Родин насупился и ничего не ответил. На зоне он вертухаем уже год, и ни разу не участвовал в таком деле. Да и не было повода. Несчастные случаи были, драки, поножовщина – регулярно. И уже усмирять зэков приходилось. Родин знал этого Холина. Тот даже пару раз давал уроки бокса молодому составу. Абсолютно мирный и добрый малый – один из первых претендентов на УДО.

Так все думали, а начальство, оказывается, считало иначе.

Через полчаса машина встала. Дальше ехать невозможно. Лёвин сообщил по рации о продолжении поиска пешим порядком. Водитель остался на связи. Он включил дальний свет и беспрерывно подавал сигналы.

Прежде чем разойтись в цепь Лёвин взял Володьку на воротник полушубка и потянул на себя.

– Будешь целиться – в глаза не смотри! А то всё дело испортишь.

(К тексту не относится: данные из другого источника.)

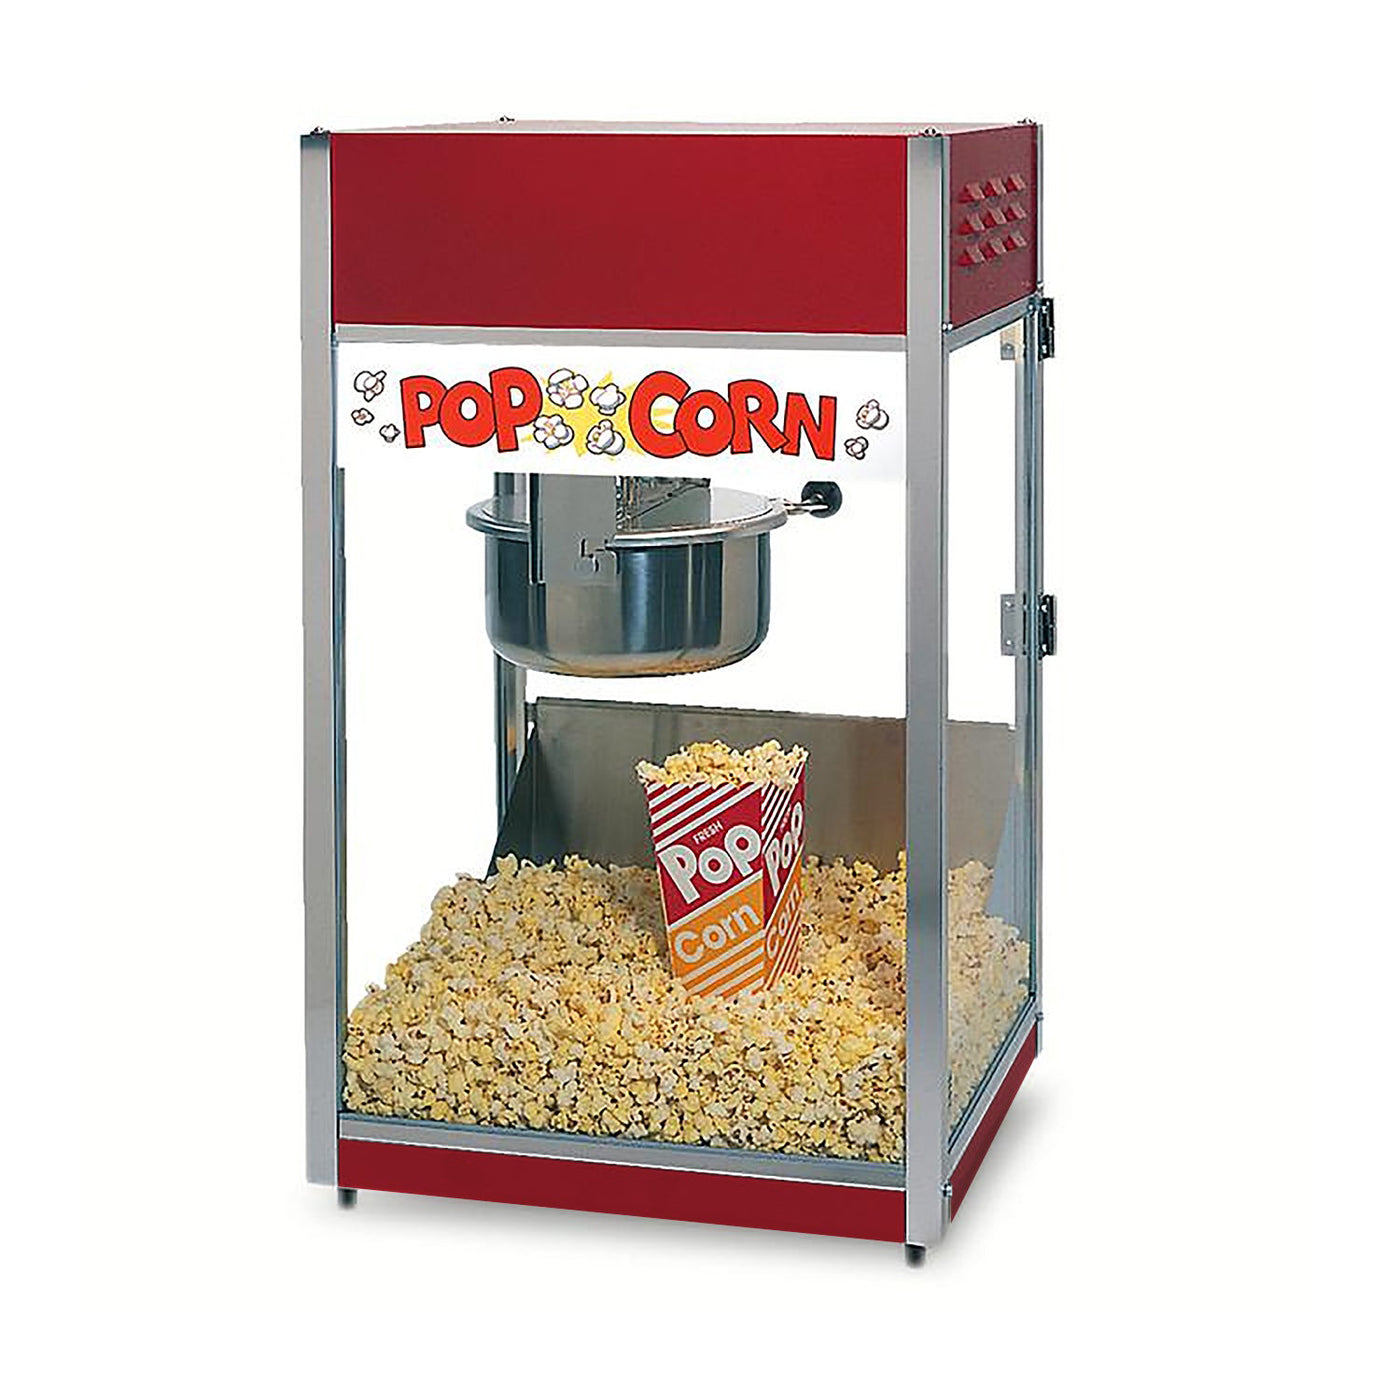 Popcon Maker Machine Buy at Best Price- 5 Core

Стараясь не терять друг друга из виду, они двинулись дальше по краям, как им сначала казалось, дороги. Но стоило Родину один раз упасть в неглубокую яму, как он тут же оказался в жутком одиночестве. Он несколько раз крикнул, но за шумом ветра так и не услышал ответа. Палить из винтовки запрещено по уставу – преступник может услышать и затаиться. Осталось только надеяться на сигналы, подаваемые водителем.

Родин решил вернуться.

«Чёрт с ним, с отпуском, и медаль мне не нужна. Да и потом, гадом буду, – наврал «старик», наверняка всё это «туфта». Если за каждого «бегуна» медаль давать, то груди не хватит, как у Брежнева».

Родин повеселел от удачной шутки – надо запомнить и ребятам рассказать – и тут же услышал сигнал уазика, только какой-то более низкий. Аккумулятор садится, решил он и, скользя «лысой» кирзой, заковылял на звук.

Только метрах в двадцати от машины он сообразил, что это не его уазик. Грузовик с дощатым кузовом, стоял по оси зарывшись в грязь. Светились только габаритные огни. Из под кузова иногда вылетали клубы сизого дыма. Внезапно в кабине сверкнул огонёк.

Родин присел, передёрнул затвор винтовки, загоняя патрон в патронник, пригнулся и двинулся вперёд, обходя грузовик сзади.

Холин затушил папиросу о панель. Щёлкнул зажигалкой, проверяя остатки бензина. В ожидании пока его обнаружат и скорее всего пристрелят, – от зэков он слышал о жестоких законах зоны – сидел, оглушённый выпитой до дна бутылкой какого-то жуткого зелья, оставленного Васькой.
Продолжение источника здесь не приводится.